[DATASET SECTION]
==*==
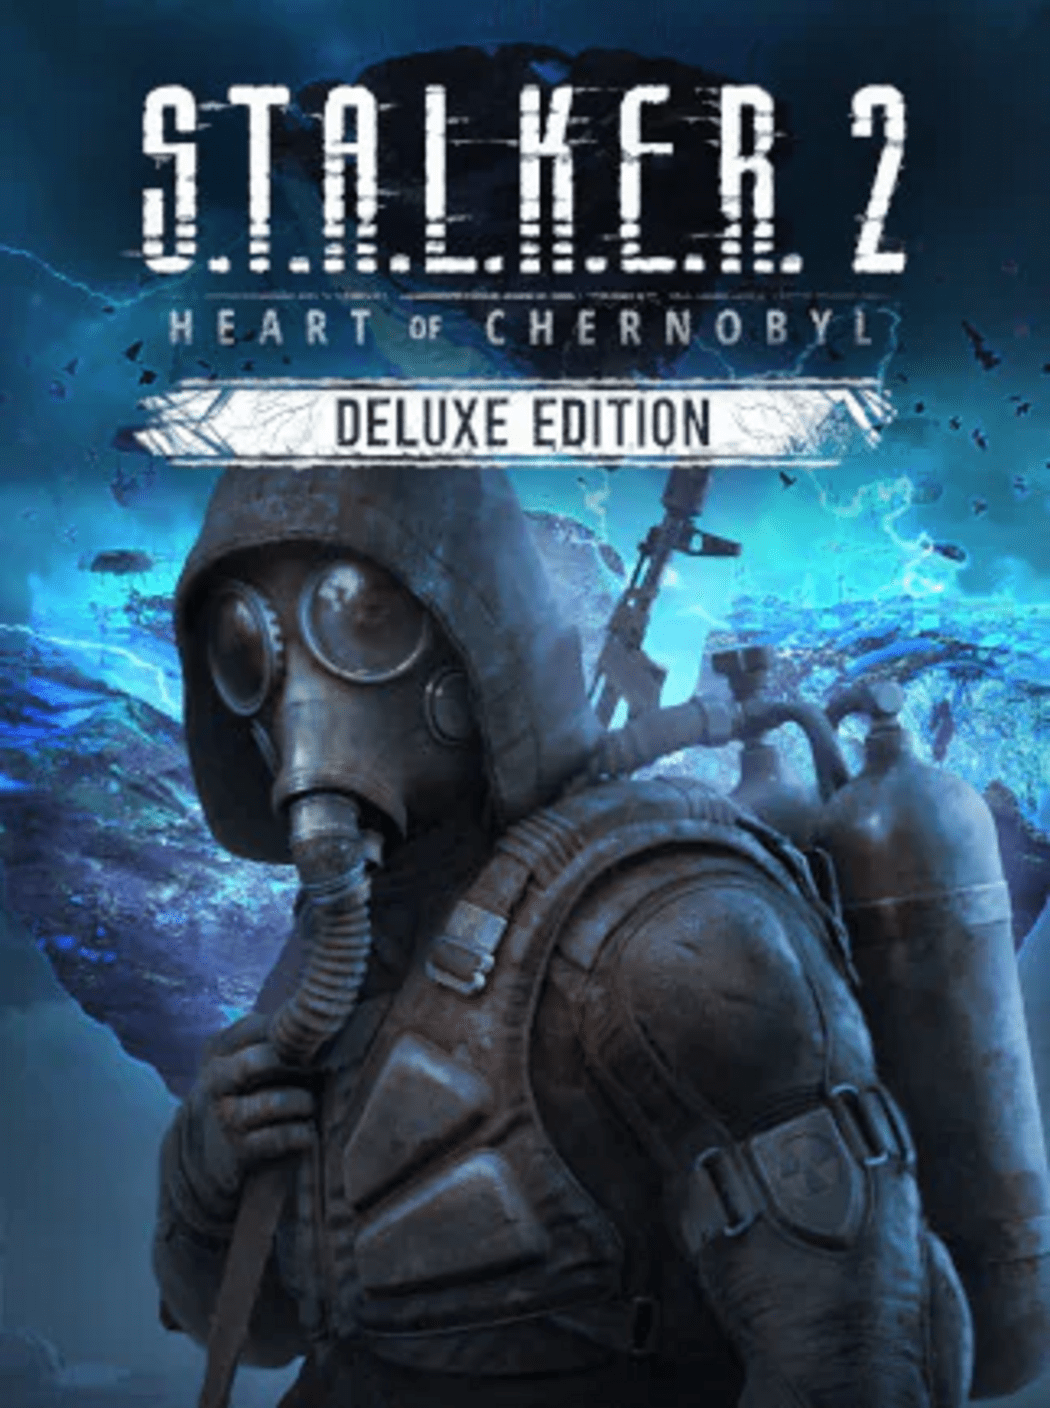 Reserva  S.T.A.L.K.E.R. 2: Heart of Chornobyl — Physical Edition
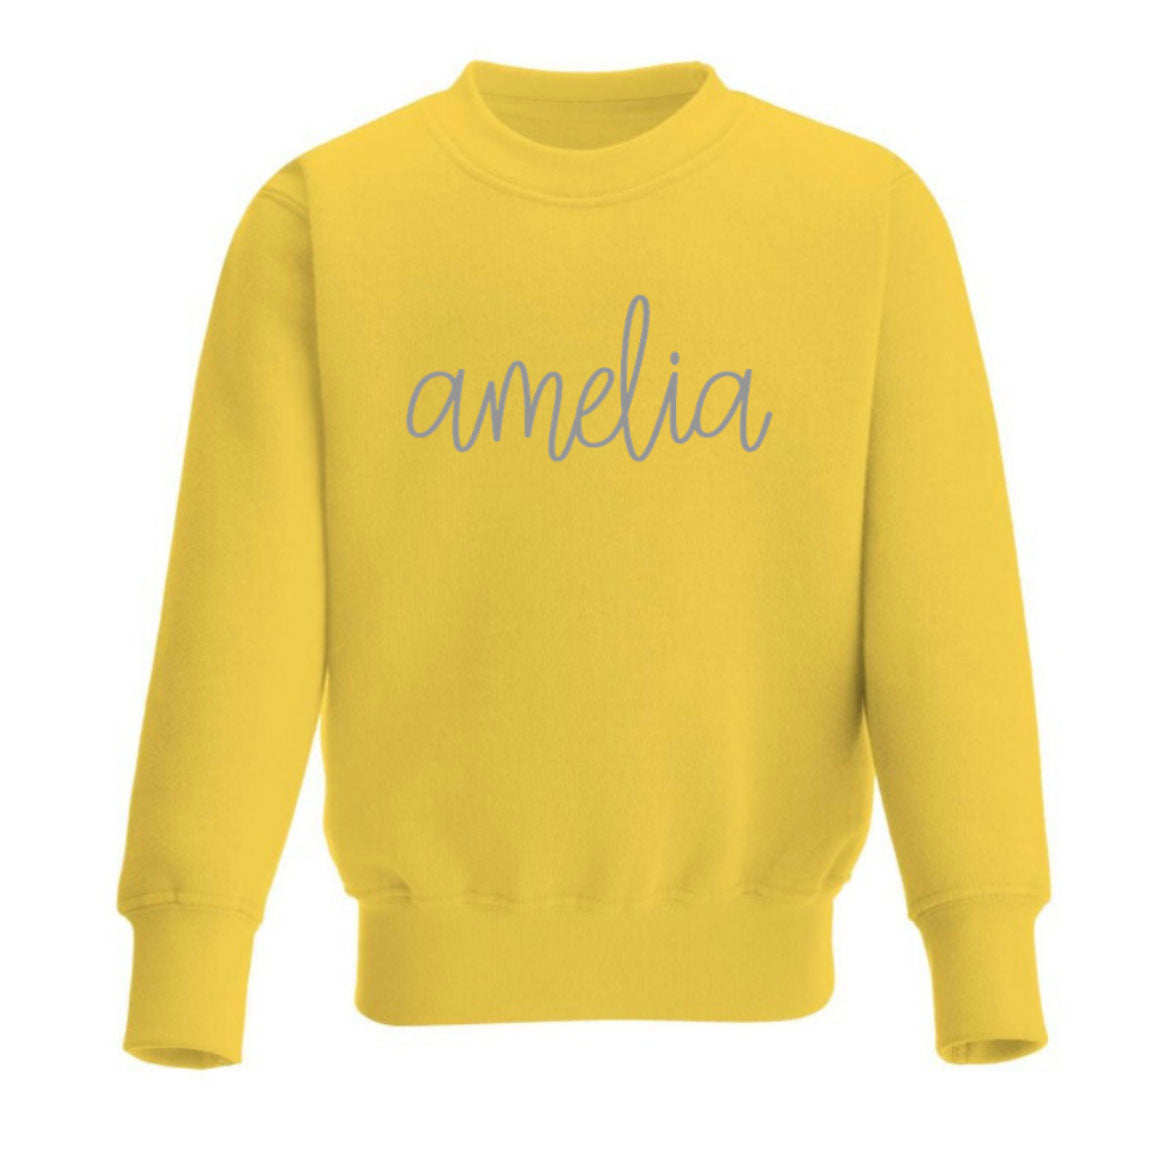 Create Your Own Yellow Sweater
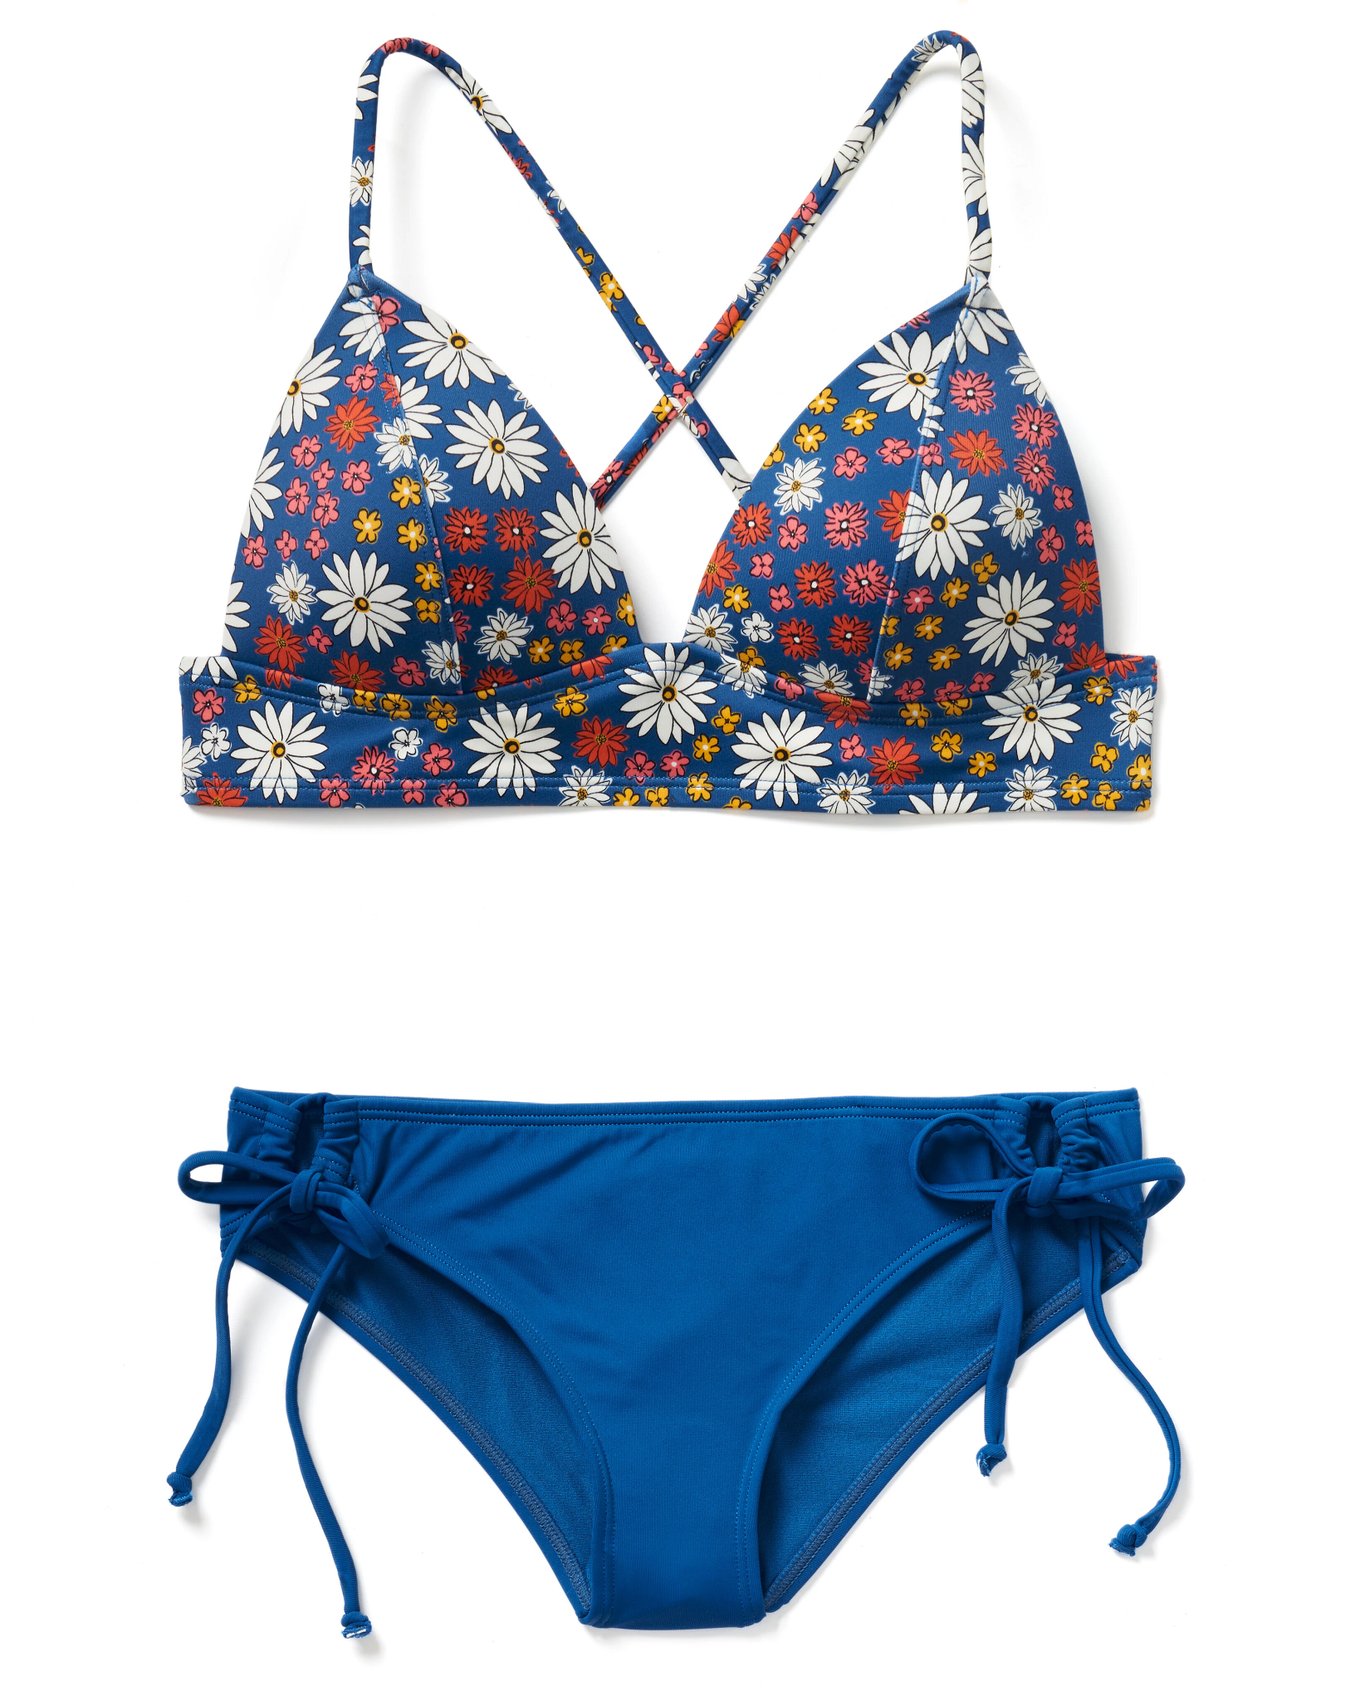 My Favourite Swimwear Brands 2022  Londre, Knix, Baiia, Cupshe, and more!
==*==
[EXERCISE OBJECTIVE]
Retype the full listing above precisely. Exclude each picture you find in it.

[RESULT OF THE TASK]
 Reserva  S.T.A.L.K.E.R. 2: Heart of Chornobyl — Physical Edition
 Create Your Own Yellow Sweater
 My Favourite Swimwear Brands 2022  Londre, Knix, Baiia, Cupshe, and more!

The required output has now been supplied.